On November 15, 2022, the Corporation issued $50.0 million aggregate principal amount of 7.25% fixed-to-floating rate subordinated notes due 2032 (the "2022 Notes") in an underwritten public offering. The net proceeds of the offering approximated $49.0 million. The 2022 Notes bear interest at a fixed rate of 7.25%, payable semi-annually in arrears. The last interest payment date for the fixed rate period will be November 15, 2027. From and including November 15, 2027 to, but excluding, November 15, 2032 or the date of earlier redemption, the Notes will bear interest at an annual floating rate of interest equivalent to the expected Benchmark rate, which is expected to be the Three-Month Term SOFR, plus 309.8 basis points, payable quarterly in arrears, commencing on February 15, 2028. Notwithstanding the foregoing, if the Benchmark rate is less than zero, the Benchmark rate will be deemed to be zero. The Corporation may redeem the 2022 Notes (i) in whole or in part beginning with the interest payment date of November 15, 2027, and on any interest payment date thereafter or (ii) in whole, but not in part, at any time within 90 days upon the occurrence of certain tax, regulatory capital and Investment Company Act of 1940 events.
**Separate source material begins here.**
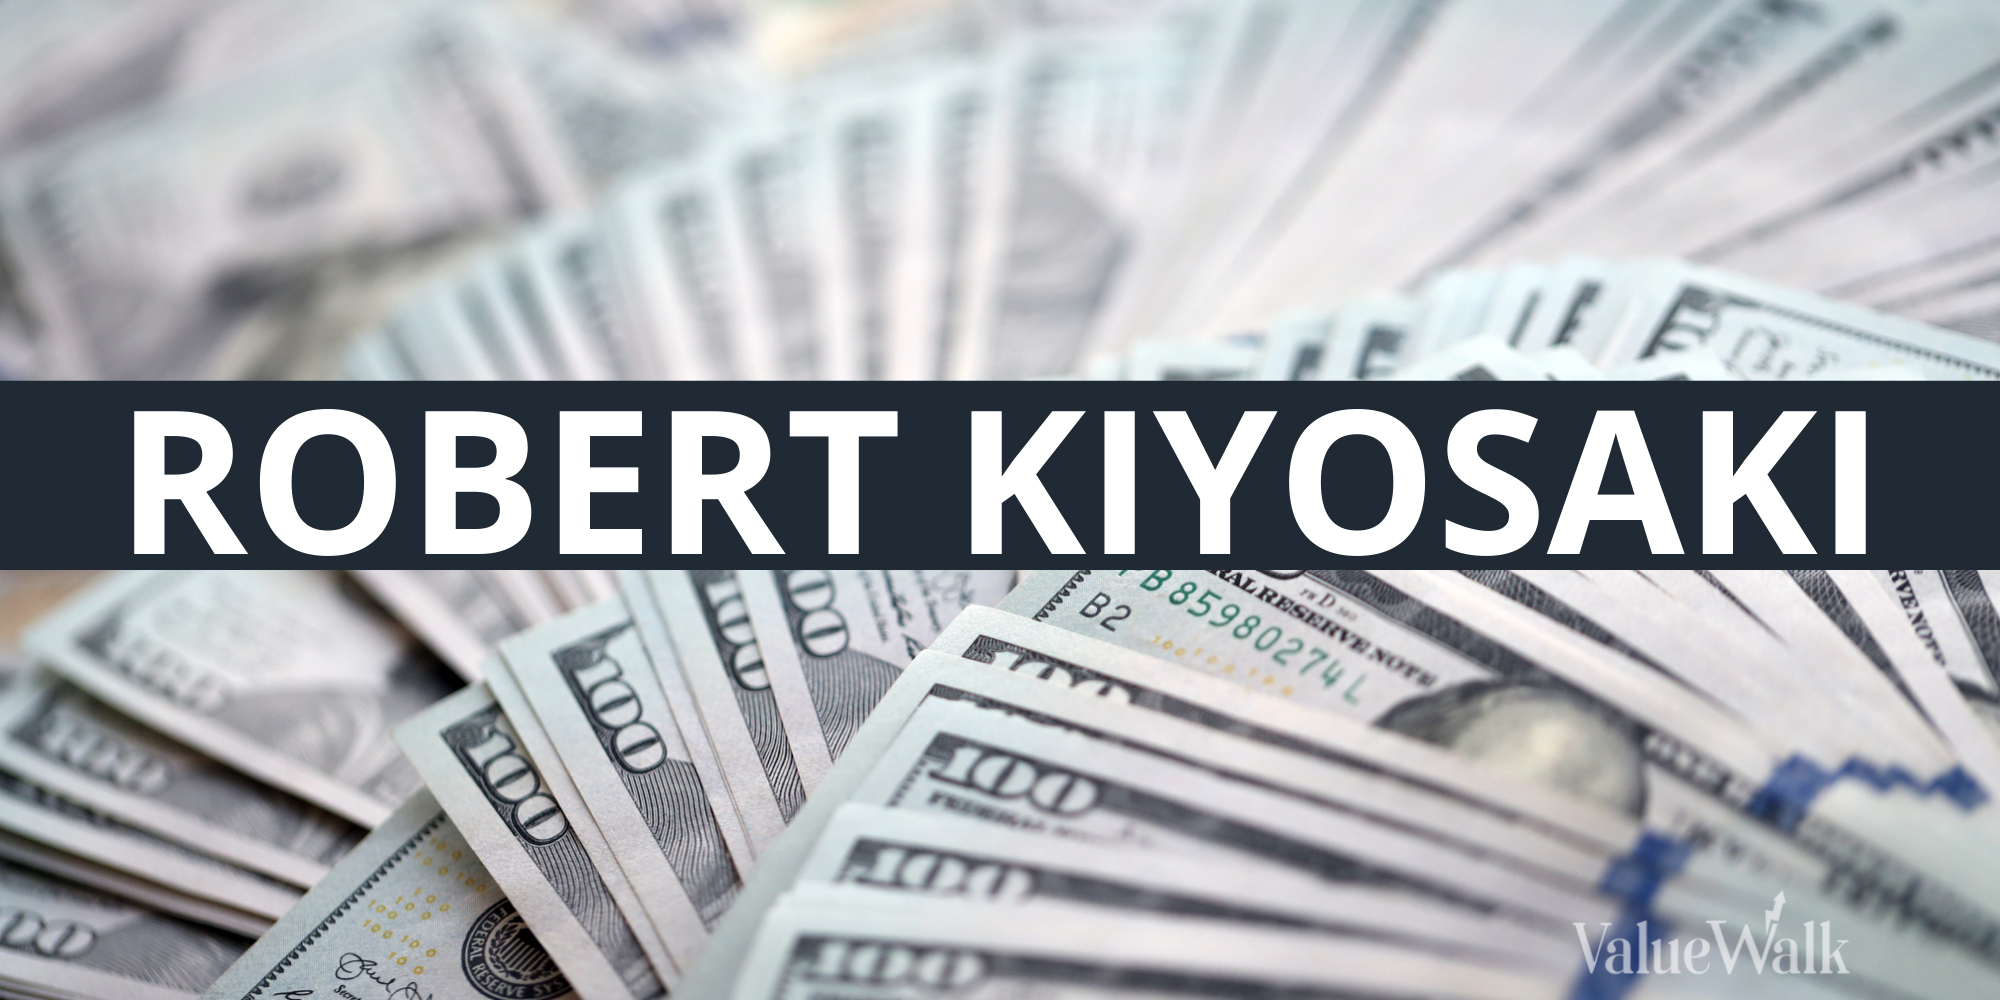 Robert Kiyosaki net worth

The redemption price for any redemption is 100% of the principal amount of the subordinated notes being redeemed, plus accrued and unpaid interest thereon to, but excluding, the date of redemption. Any redemption of the subordinated notes will be subject to the receipt of the approval of the Board of Governors of the Federal Reserve System to the extent then required under applicable laws or regulations.

Subordinated notes qualify as Tier 2 capital for regulatory capital purposes for the first five years of the notes' terms. The Tier 2 capital benefit is phased out at 20% per year after the fifth year (from years six to ten) and have no benefit in the tenth year.